Я — лепет светлых осин;

Я — в тленье старых корней.

Вечерний шепот вершин —

Дыханье грезы моей.

В грозу ночную люблю

Качать деревьев стволы

И отблеск тайны ловлю

В сиянье молний средь мглы.

Зови — и на зов приду,

И другом стану твоим.

Живу я в том же бреду,

Тоскою той же томим.

Земля нам общая мать.

Мы оба ее сыны;

Стремимся оба поймать

Улыбку светлой Весны.

Русалки

Мы – беззвучное струек движенье

Усыпленной воды;

Мы — в тумане лесном отраженье

Полуночной звезды.

Нам так нравятся томные ласки

Серебристой луны.

Изумрудною зеленью ряски

Наши косы полны.

Мы — неясного шепота звуки,

Тихий плеск в тростнике,

Мы — чьи бледные тянутся руки

К звездам ночи в тоске.

Мы грустим, шелестя и вдыхая

Запах водных цветов.

Мы — воздушная, легкая стая

Чьих-то сладостных снов…

Вельзевул

Пусть Михаилом горд в веках Иегова.

Я равнодушен к вам, враждебные владыки.

Пусть розой Астарот венчался медноликий;

Пусть без конца звучат хвалебные слова

Астарте женственной; пусть славит танец дикий

Молоха мрачного, похожего на льва.

Моя перунами увита голова. Я — Вельзевул. Я — неба князь великий…

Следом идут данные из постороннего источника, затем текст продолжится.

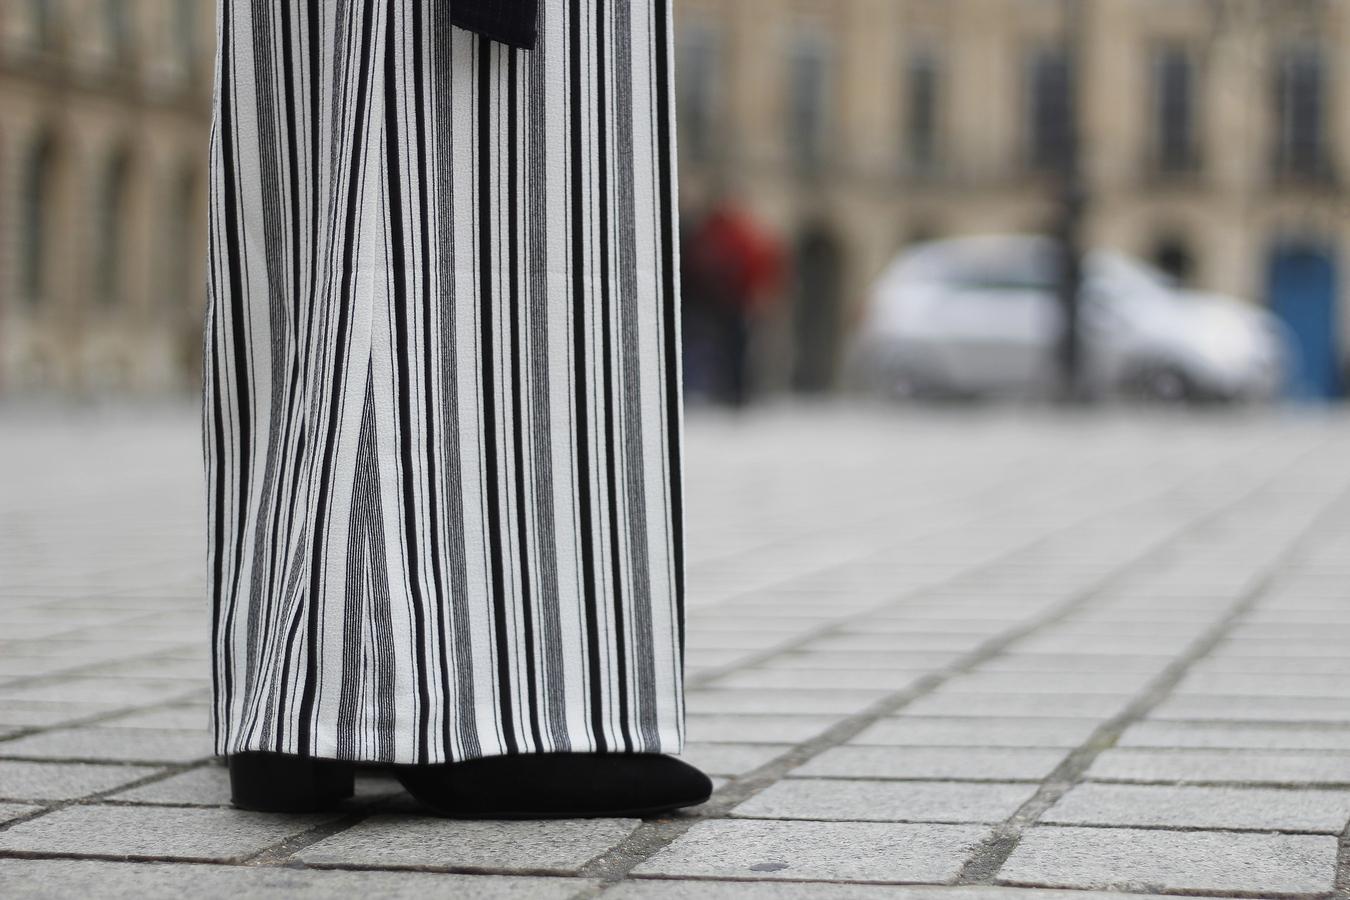 Blog mode femme Paris - Du style, Madame - Streetstyle - stripes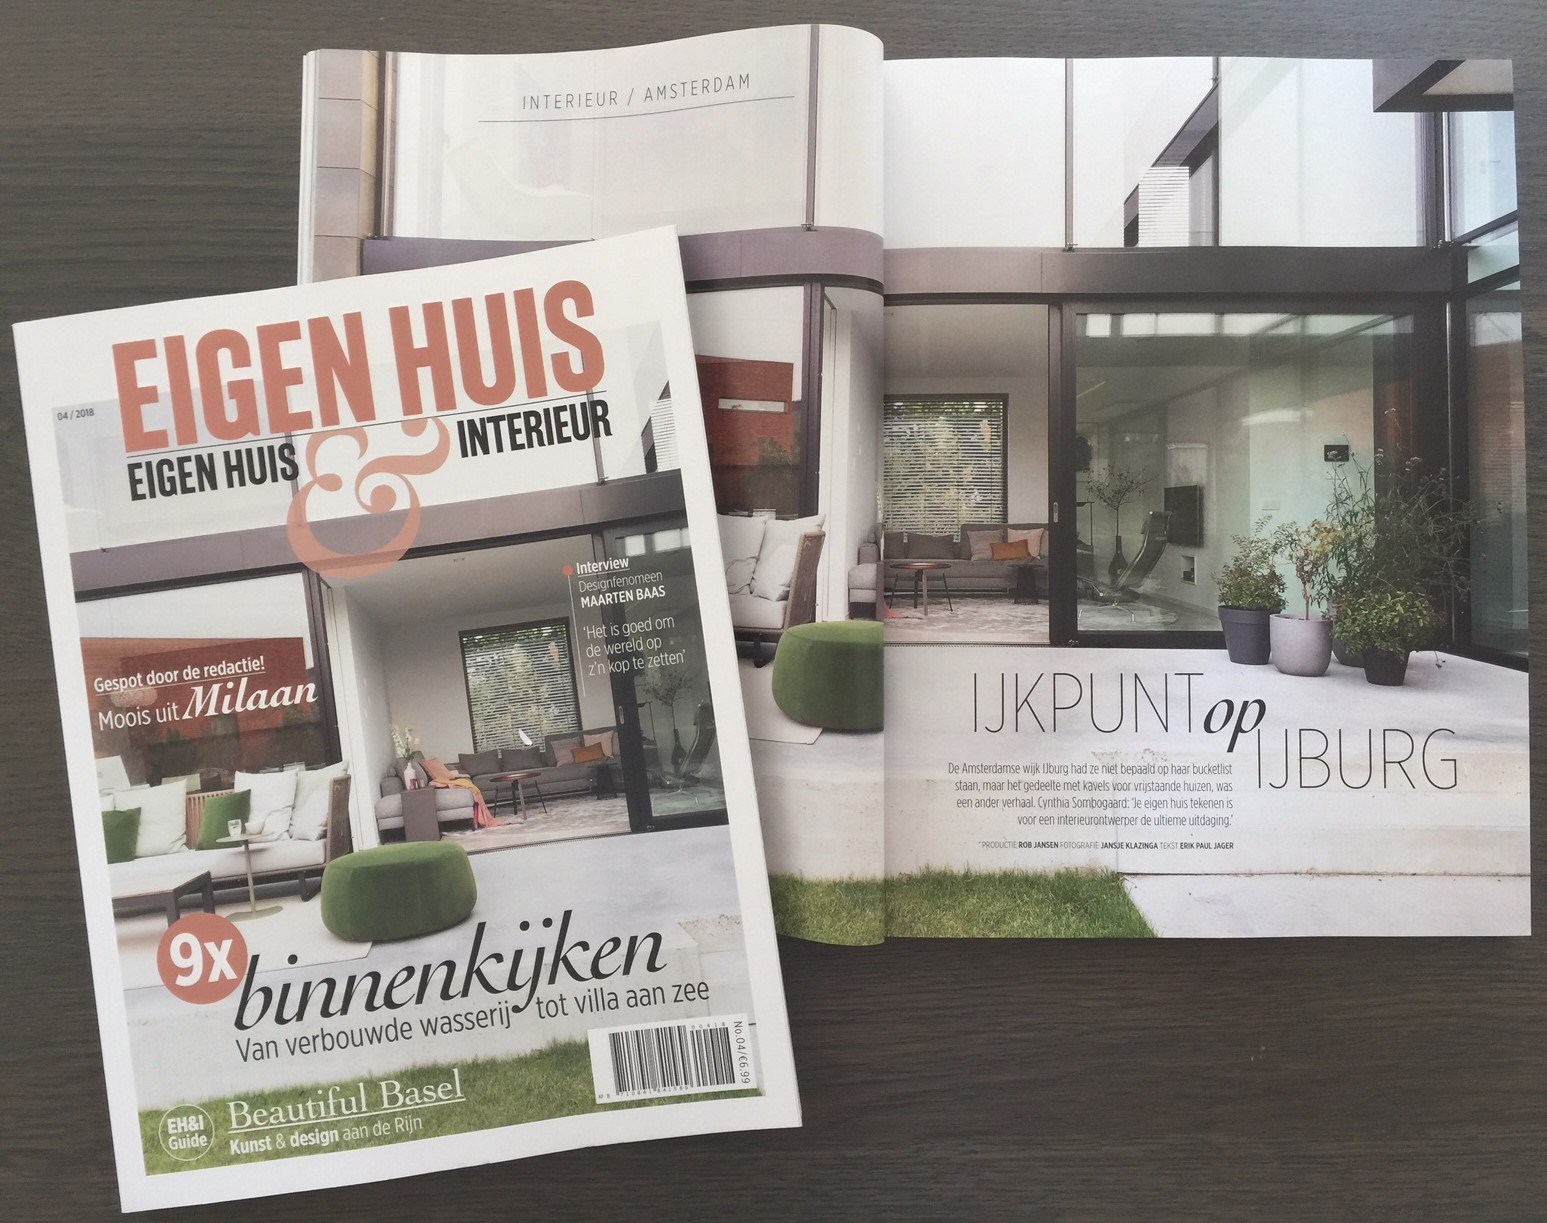 Villa CS op de cover magazine Eigen Huis & Interieur – Interior Design

О, только ты один, мой властный, гордый брат,

С челом пленительным, увенчанным звездою,

Своей улыбкою мне не даешь покою!

Я знаю, для кого приветливо горят

Глаза Обманчивой. Клянусь моей судьбою,

Лазурноокая, я притяну Твой взгляд!

Царица шабаша

Ты помнишь, на черном зловещем баране

Ты к нам прискакала нагая,

Белея, как призрак в полночном тумане,

Испуганно слезы роняя?

Ты помнишь, как ярко огни запылали,

Как в пляске завились инкубы,

Как гости, склоняясь, «лицо» целовали

В холодные, бледные губы?

Ты помнишь, кропили нас кровью козленка…

Горячие, алые брызги…

Как плакал в толпе кто-то долго и звонко

Под общие крики и взвизги?

Когтями нечистые вырыли яму,

И влагой она засветилась.

Под дикую песню, где славили «Даму»,

Ты помнишь, туда погрузилась?

Ты помнишь, как, очи потупивши долу,

В клубах кантариды и нарда,

Полна содрогания, шла ты к престолу

Принять поцелуй «Леонарда»;

Как в трепете сладко-томителыюй муки,

Тебе неизвестной дотоле,

Ты, гордо раскинув прекрасные руки,

Простерлась на страшном престоле?

Заклинание

Тихо в подвале. Вдоль свода кирпичного

Отблески пляшут огня.

Веяньем холода страх непривычного

Обдал тебя и меня.

Брошены в уголья травы душистые.

Пламень дрожит голубой.

Силы нездешние, силы нечистые

Мы заклинаем с тобой.

Тесен наш круг. Вся полна ожидания,

Ты мне прижалась к плечу.

Обнял я стан твой. Слова заклинания

Строго и властно шепчу.

Кончил. Чу! Трепет гудения струнного,

Тихий, таинственный стук!

Ждем мы видений, меча двоелунного

Не выпуская из рук…

Ахнула ты, содрогаясь и путая

Нить непонятную слов.

Ларвов тела безобразно раздутые

К нам поползли из углов.

Следом, колеблясь, как травы болотные,

Духи иные стеклись.

Формы людские и формы животные

В них своенравно слились.

Поднял я перстень с звездой златокованой,

Пятиконечной звездой.

— Духи, ответьте, что нам уготовано

В жизни суровой судьбой?

Что нам сулит непреложно грядущее?

Горе иль радостей дни?

Ждем мы с тоскою… Молчанье гнетущее.

Не отвечают они…

Грозно сгущаясь, толпа безобразная

Все прибывает из мглы.

Шепчутся головы мертвенно-грязные;

Уст их кривятся углы.

Тянутся цепкие руки мохнатые…

Вот они вновь поползли,

Крови и мыслей исчадья проклятые…

Близко… Коли их, коли!..

«Ветер и мрак ледяной…»

Ветер и мрак ледяной…

Хаоса дальнего шум.

Вырвал из жизни земной

Душу мне смертный самум.

В мир пережитых минут

Мне возвращения нет.

Сладко поют и зовут

Кольца лазурных планет…

Мимо! Не тянет меня

Лун упоительный зов.

Громко бушует, маня,

Хаоса сладостный рев.

Вечную чувствуя связь,

Мчусь метеором туда,

В пляске безумной кружась,

Я потону без следа.

«В доме отца моего обителей много…» (От Иоанна 14, 2)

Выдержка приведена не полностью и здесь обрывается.